HC Deb 19 December 1985 vol 89 cc263-4W
Mr. Rooker

asked the Secretary of State for the Environment what is his latest estimate of the percentage of empty dwellings in (a) the public sector, (b) the voluntary sector, (c) the private sector and (d) those owned and controlled by Her Majesty's Government, giving the numbers represented by the percentage.

Mr. John Patten

[pursuant to his reply, 2 December 1985, c. 60]: The available estimates for April 1985, derived from English local authorities' housing investment programme returns, are as follows:

Vacant dwellings
Number Percentage of stock
Local authorities 109,500 2.4
Housing associations 15,400 3.5
Other public sector 19,200 6.6
Total public sector 144,100 2.7
Private sector 545,000 4.1
All sectors 689,000 3.7

In addition, local authorities owned 7,000 further dwellings which were closed making a total of 116,500 in all.

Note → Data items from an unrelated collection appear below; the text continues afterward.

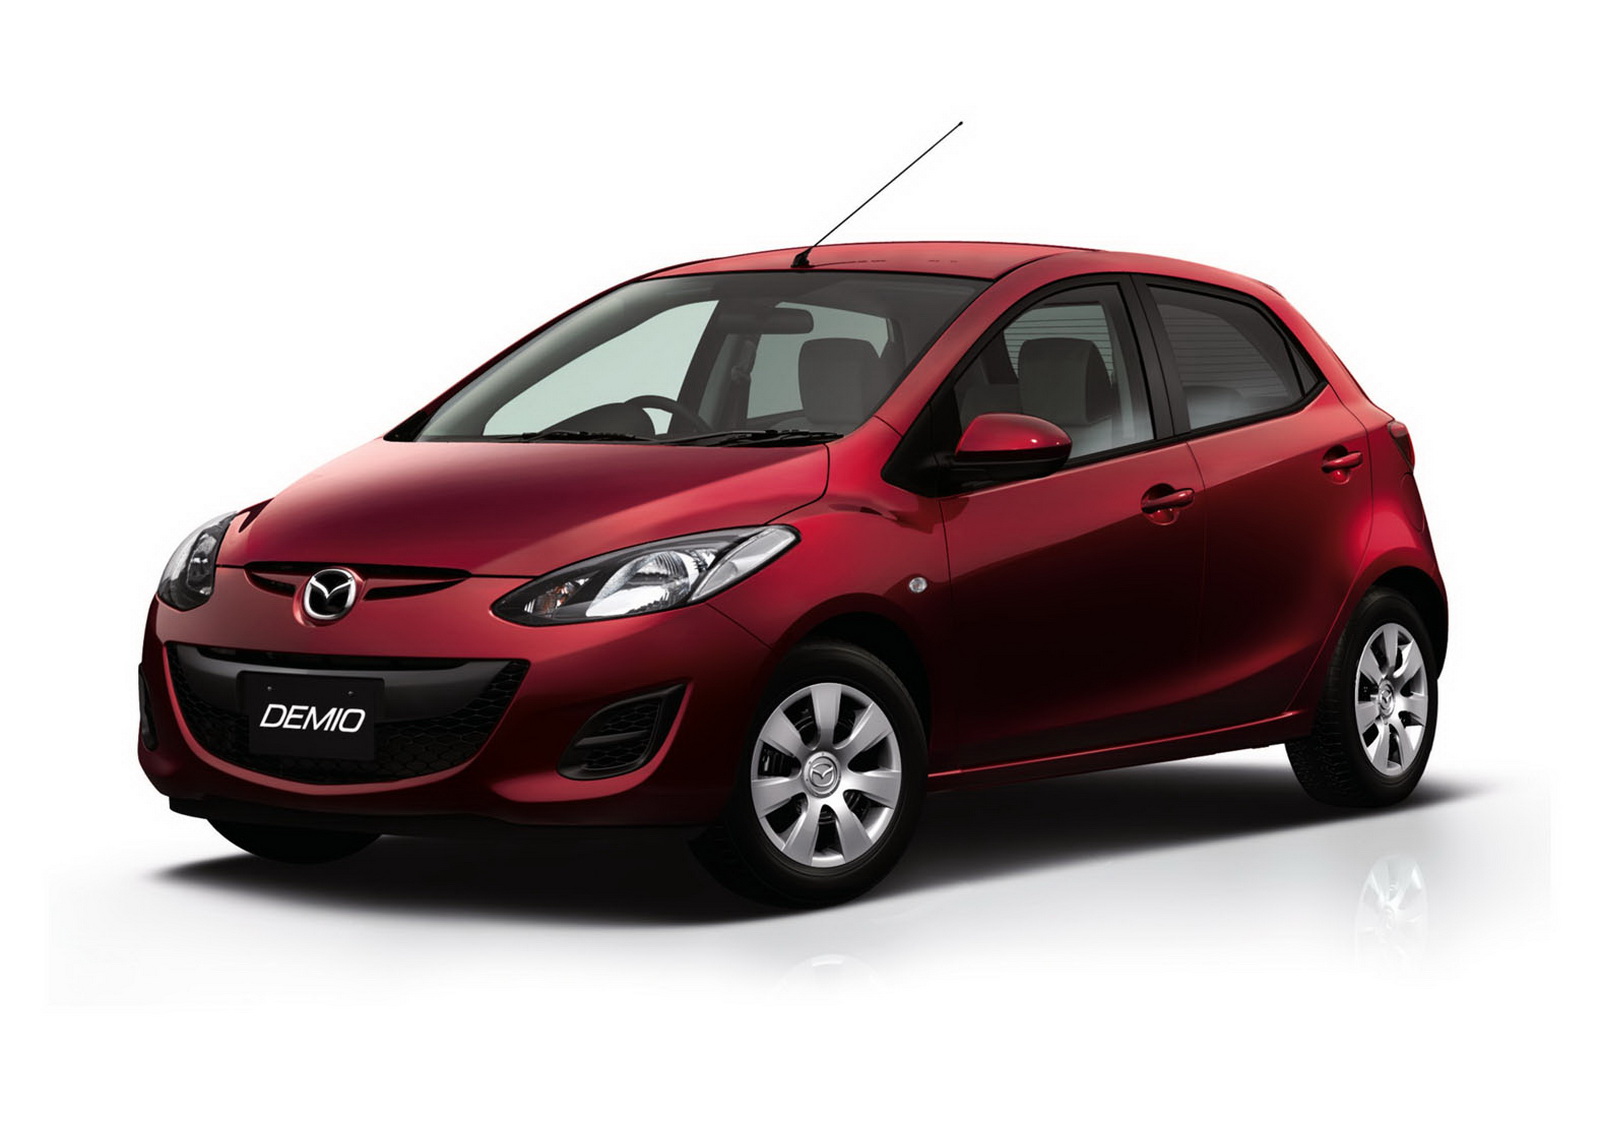 Mazda Motor Corporation released the Mazda Demio 13C-V Smart Edition in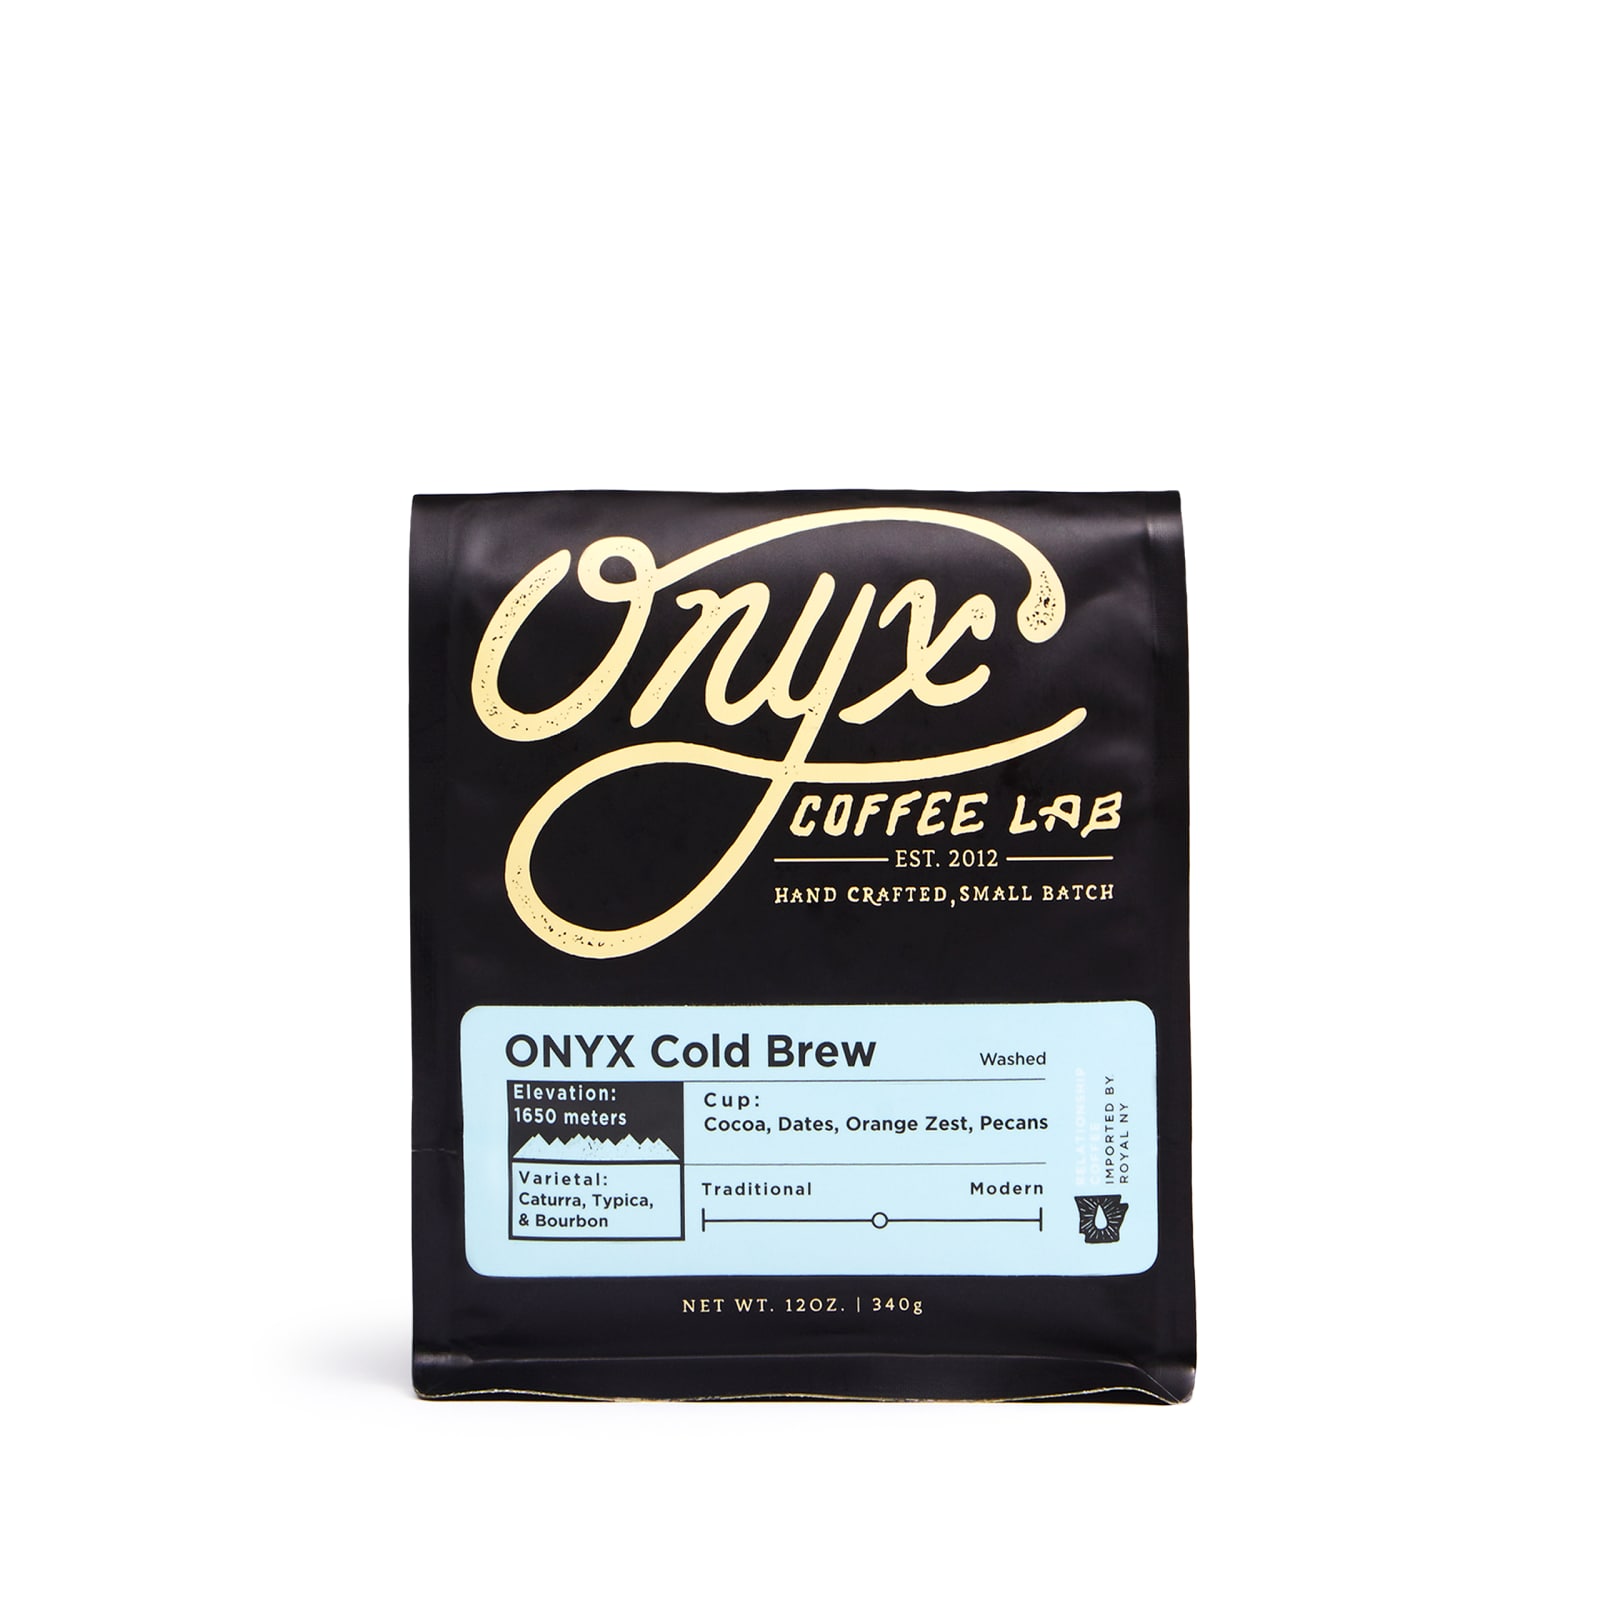 Onyx Cold Brew coffee bag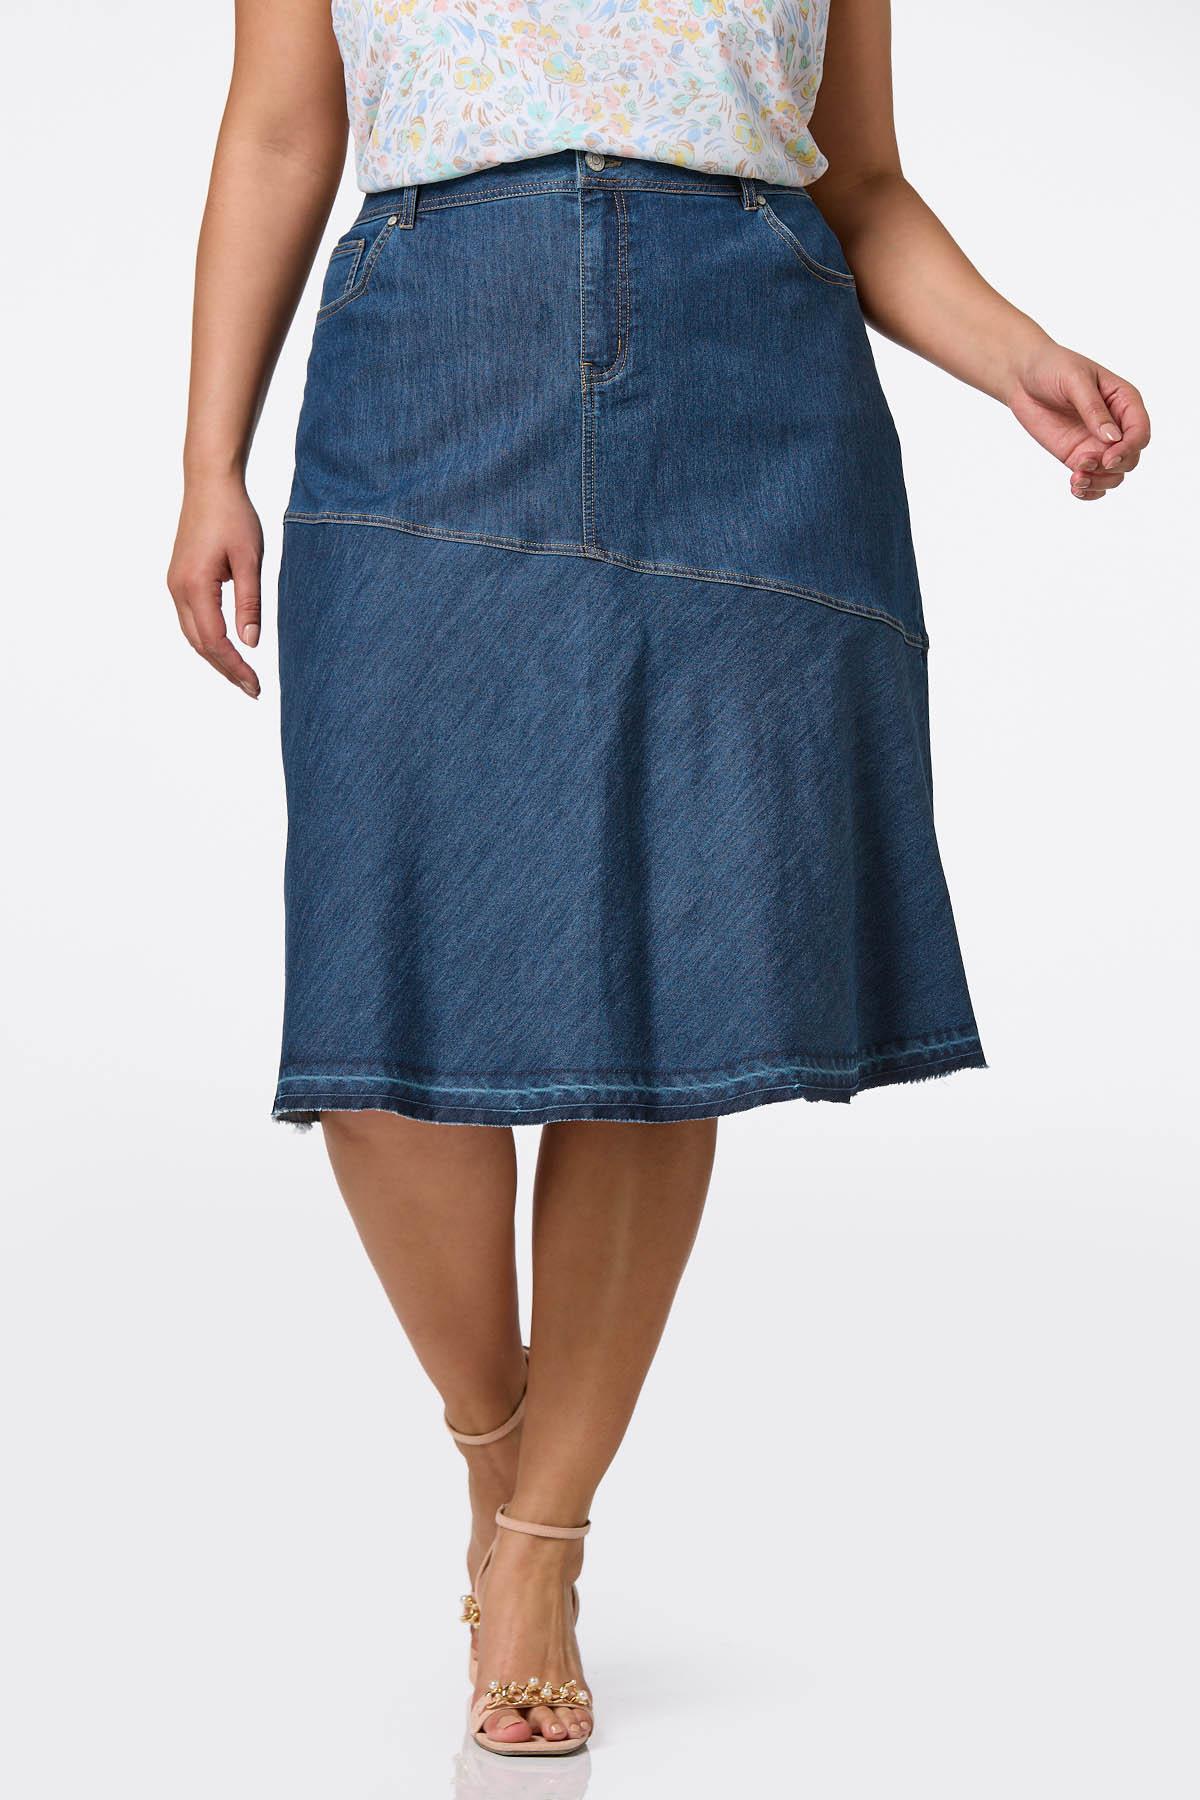 Cato Fashions  Cato Frayed Maxi Denim Skirt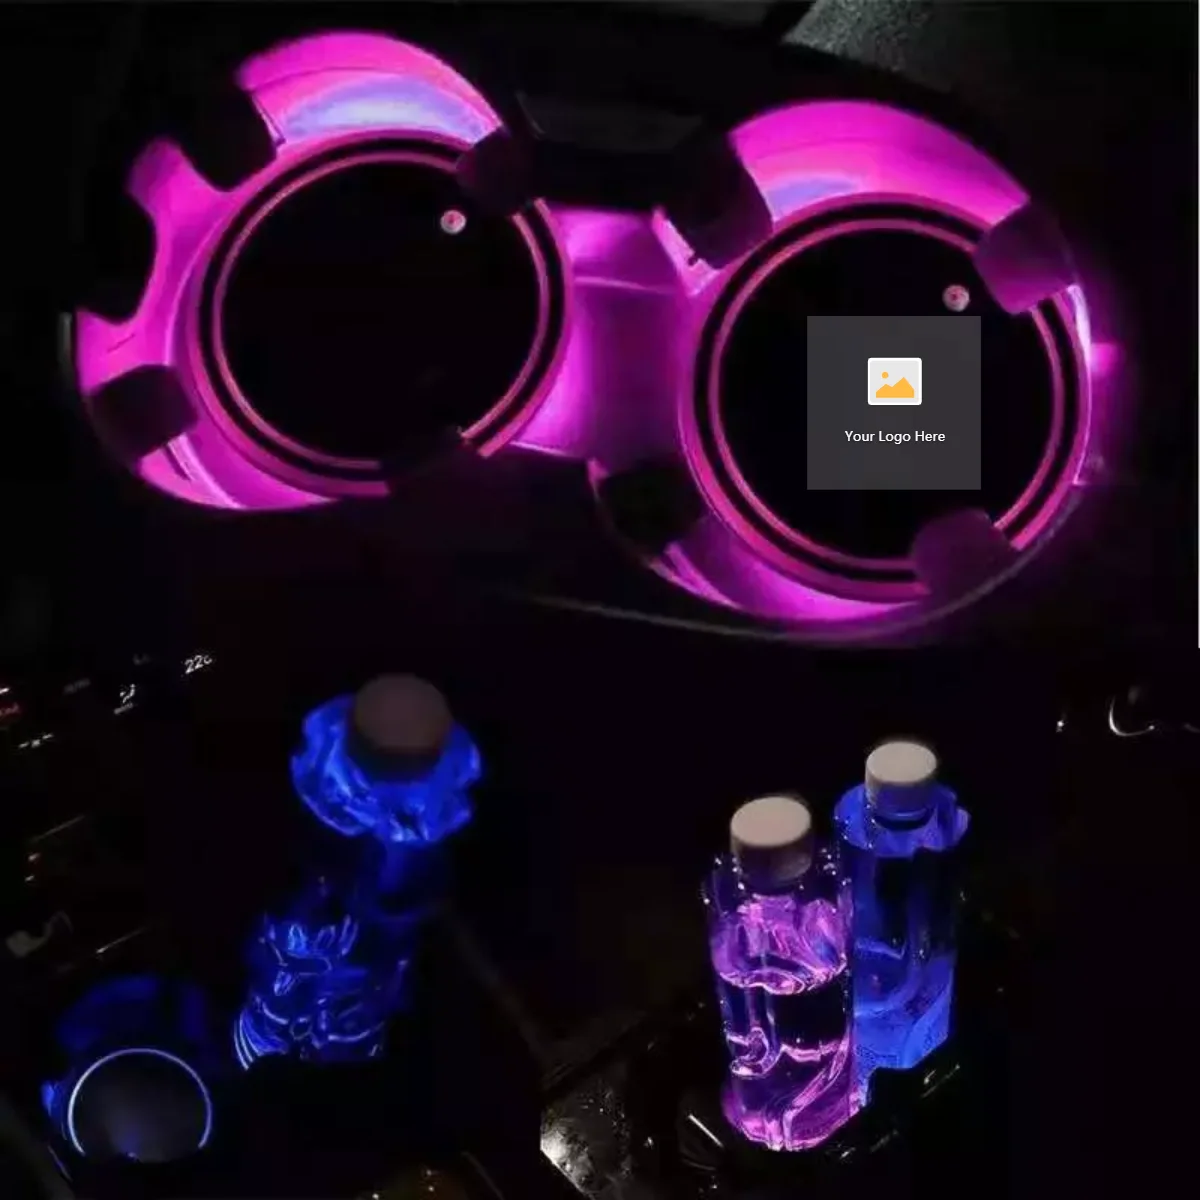 Luce atmosferica HOPQ Tappetini per Auto per portabicchieri di Cane luci LED RGB sottobicchiere per Bevande 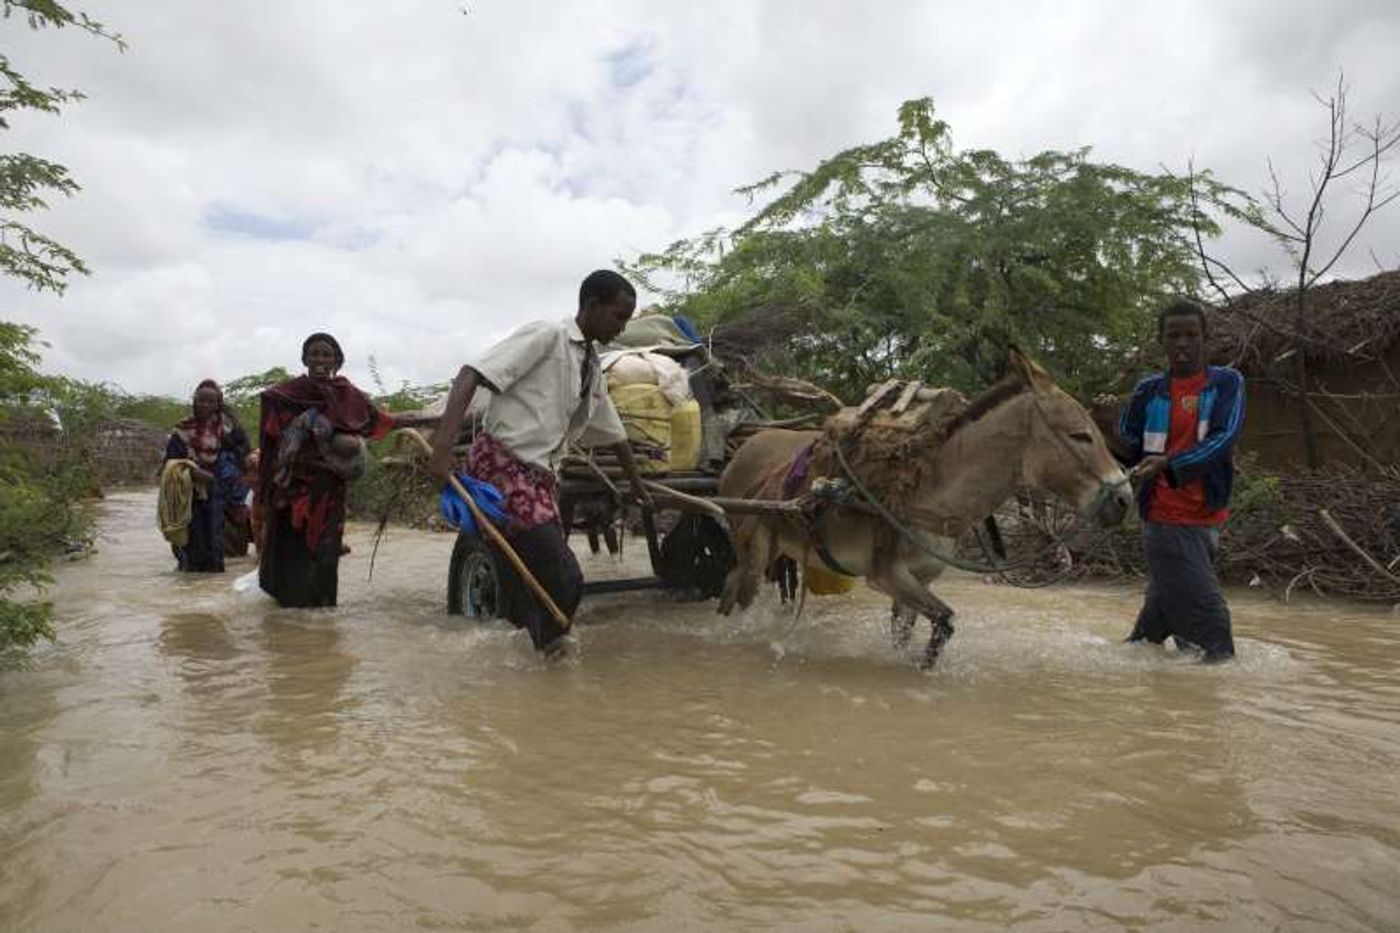 Somali refugees flee flooding in Dadaab, Kenya. Photo: UNHCR

The "other public sector" figures in this case include local authorities' overspill estates (but not GLC housing, which has been included in the local authorities' figures), in addition to housing owned by new towns, county councils (for example, police houses), Government Departments and nationalised industries and other public agencies. Many of these dwellings are vacant because of operational requirements, notably those owned by the Ministry of Defence, and others have been acquired for demolition, for example by the Department of Transport. The Government are encouraging the sale of housing which is not required and many of those that are vacant are in the process of disposal.

Housing associations' acquisitions of dwellings for rehabilitation inflate the numbers which are vacant.

Vacant dwellings in the private sector include those which are in severe disrepair, those undergoing renovation or awaiting demolition, those which are empty while being sold or between lettings, and those whose owners do not wish to occupy or sell them but are deterred from letting by the Rent Act.